The second study investigates the role of learning and attention on FGM. The visual stimuli in this experiment consist of ‘proto-objects’, which are regions of the visual scene that have many of the statistical properties of objects. To correctly segment figures from their ground, responses to proto-objects that belong to the figure need to be enhanced and responses to proto-objects that belong to the ground need to be suppressed. We recorded neural activity from V1 and V4 of macaque monkeys while they discriminated between N- and U-shaped forms. Activity in V1 showed FGM within 90 ms of stimulus onset. A suppression of the proto-object belonging to the ground was present in naive animals. This suppression became stronger over the period in which the animal learned the task. The enhanced activity for the figure correlated with performance on the shape discrimination task. In a task in which the animal attended to a second shape on the opposite side of the screen, we found that figure-ground modulation is weakened for the unattended figure in the receptive fields of the recorded neurons. Cells in V4 showed selectivity for particular shapes or particular borders of the figures in the discrimination task. For example, some cells preferred the N-shape over the U-shape, and other cells responded more to the outer edge than to the inner edge of the shape. The figure-ground effects observed in V1 may arise through feedback connections from cells representing specific shapes and boundaries in areas such as V4, where FGM occurred within 70 ms.

The third study described in this thesis reveals the important role of attention in perceptual grouping. After the initial figure-ground structure is established in the visual scene, an object can be selected by attention to complete the perceptual grouping process. We investigated the time course of perceptual grouping of two-dimensional objects and showed that it is associated with the gradual spread of object-based attention across the object’s surface. We compare several neurocomputational models that aim to explain the time course of attentional selection. The predictions of the models are compared to the behavioral data from human participants in three separate behavioral experiments. The data shows that attention spreads fastest over large and homogeneous areas and is slowed down at locations that require small-scale processing. The growth-cone model accounted best for the observed data. This model takes into account the receptive fields size of the cells in various visual areas.
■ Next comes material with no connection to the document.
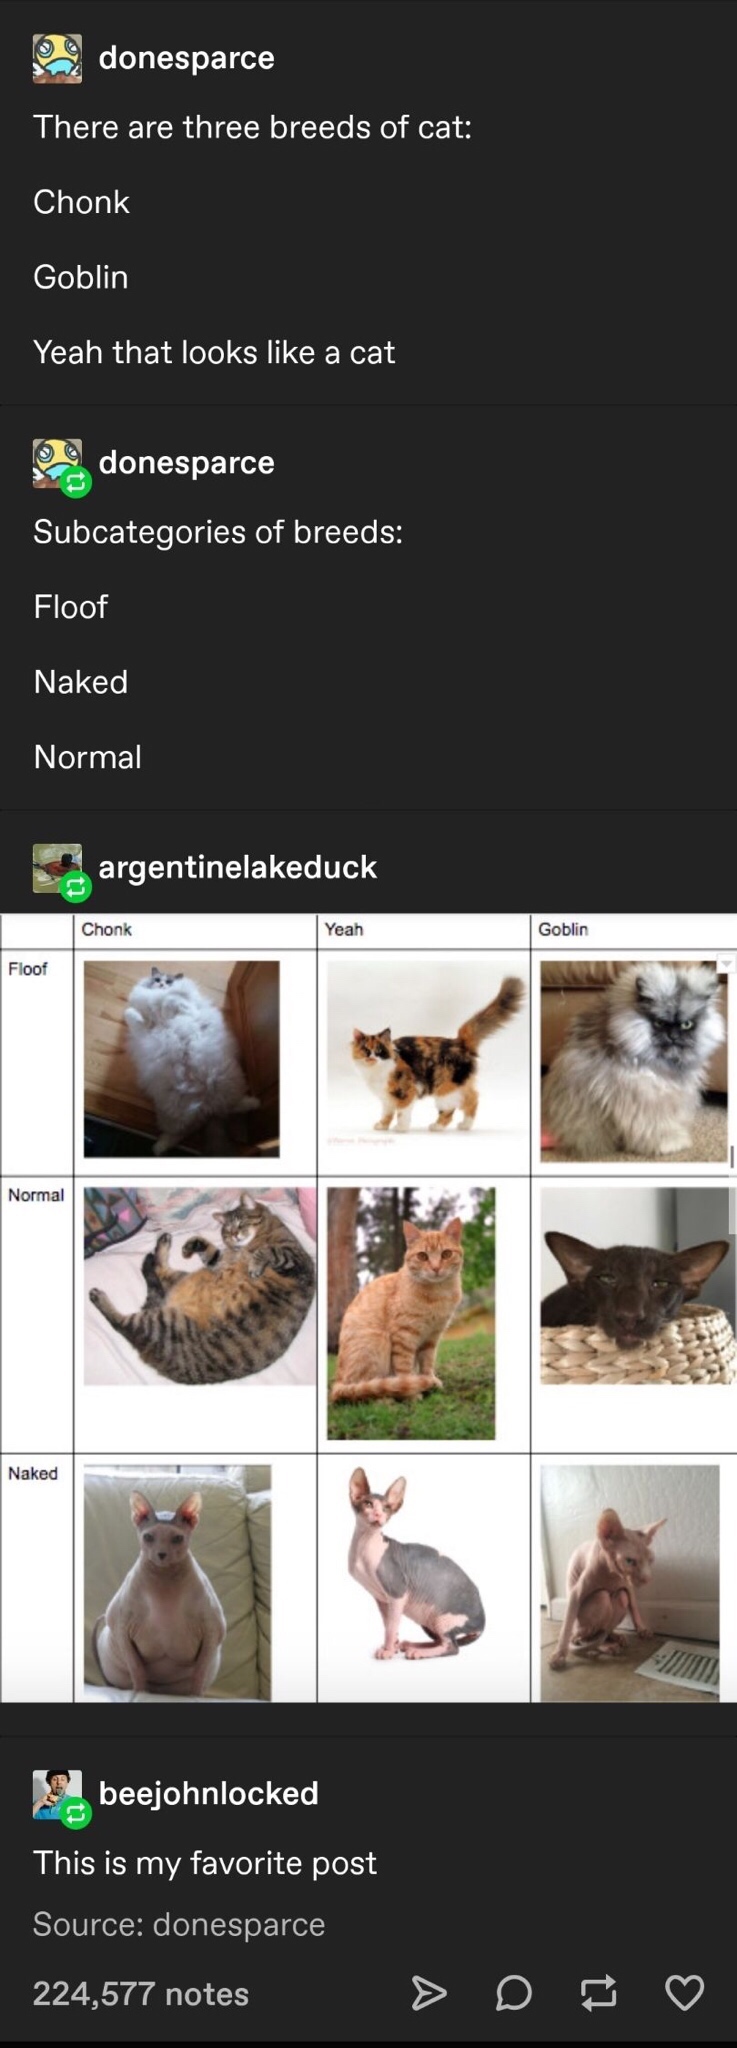 chonk yeah goblin - donesparce There are three breeds of cat Chonk Goblin Yeah that looks a cat donesparce Subcategories of breeds Floof Naked Normal argentinelakeduck Chonk Yeah Goblin Floof Normal Naked F. beejohnlocked This is my favorite post Source d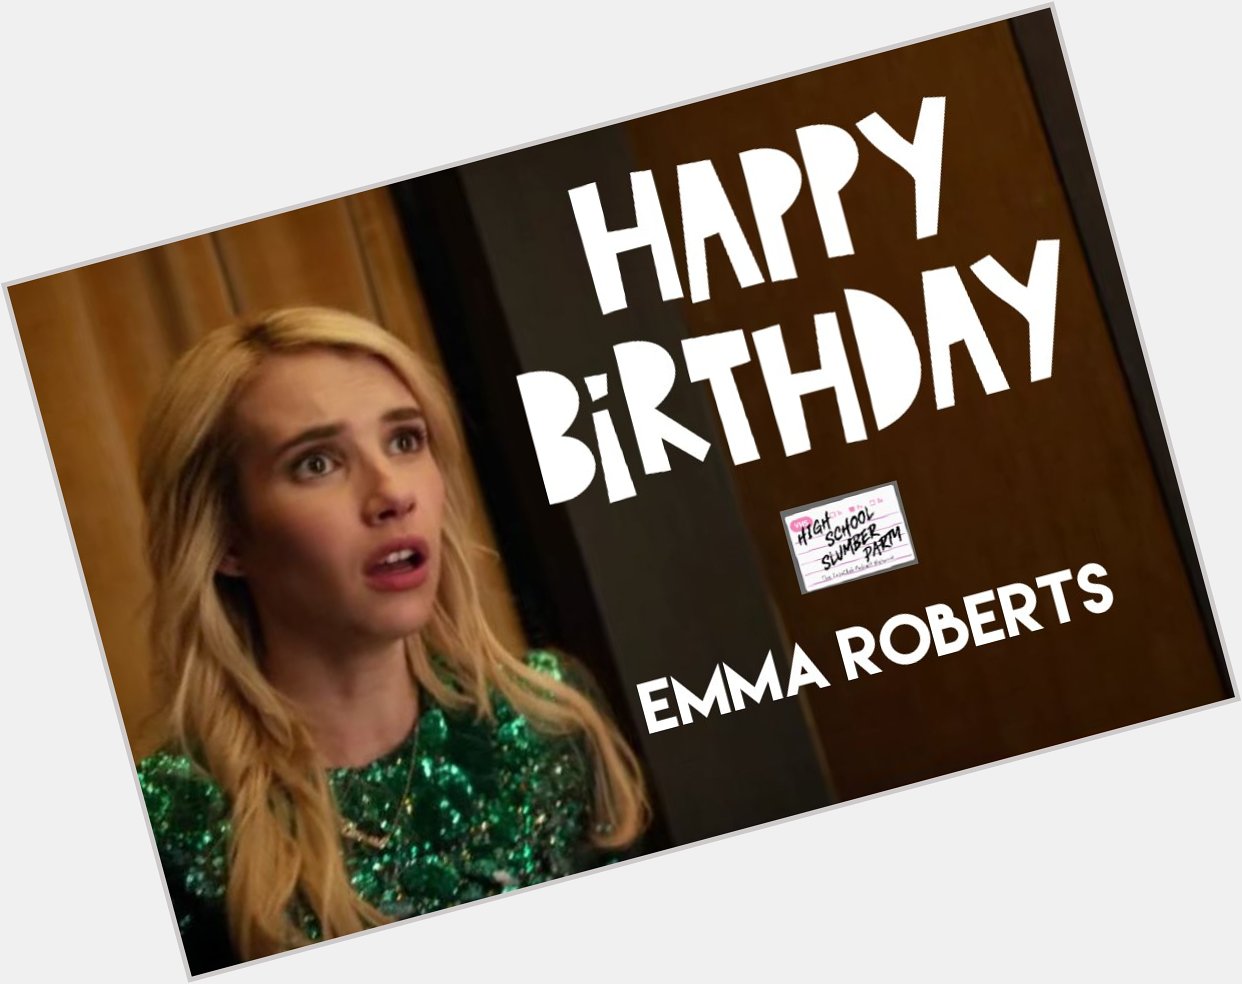 Happy Birthday Emma Roberts! did you pick Nerve this week to celebrate?

The fourth study suggests an explanation for a curious finding we stumbled upon in the third study: the growth-cone model was in excellent agreement with the behavioral data for objects that were simple or unfamiliar to the participant, but its predictive value decreased for familiar objects in natural scenes. We hypothesized that the brain can take advantage from the extensive visual experience we accumulate throughout our life with a wide variety of objects. We tested the idea that perceptual grouping for familiar stimuli such as animals and vehicles may benefit from selectivity in cells in higher visual areas to parts of an object that can provide feedback to cells in lower visual areas involved in perceptual grouping. Participants could very fast and efficiently classify images as animals or vehicles in a classification task. In an image-parsing task, participants reported whether two cues fell on the same or different objects, and we measured reaction times. Despite the fast object classification, perceptual grouping required more time if the distance between cues was larger, and we observed an additional delay when the cues fell on different parts of an object. Parsing was slower for objects in an unfamiliar orientation (upside down) than for upright objects. The data shows that for familiar objects, the time course of perceptual grouping is affected by the knowledge we have about the common structure of the object. The results imply that perception starts with rapid object classification that is followed by a serial perceptual grouping phase.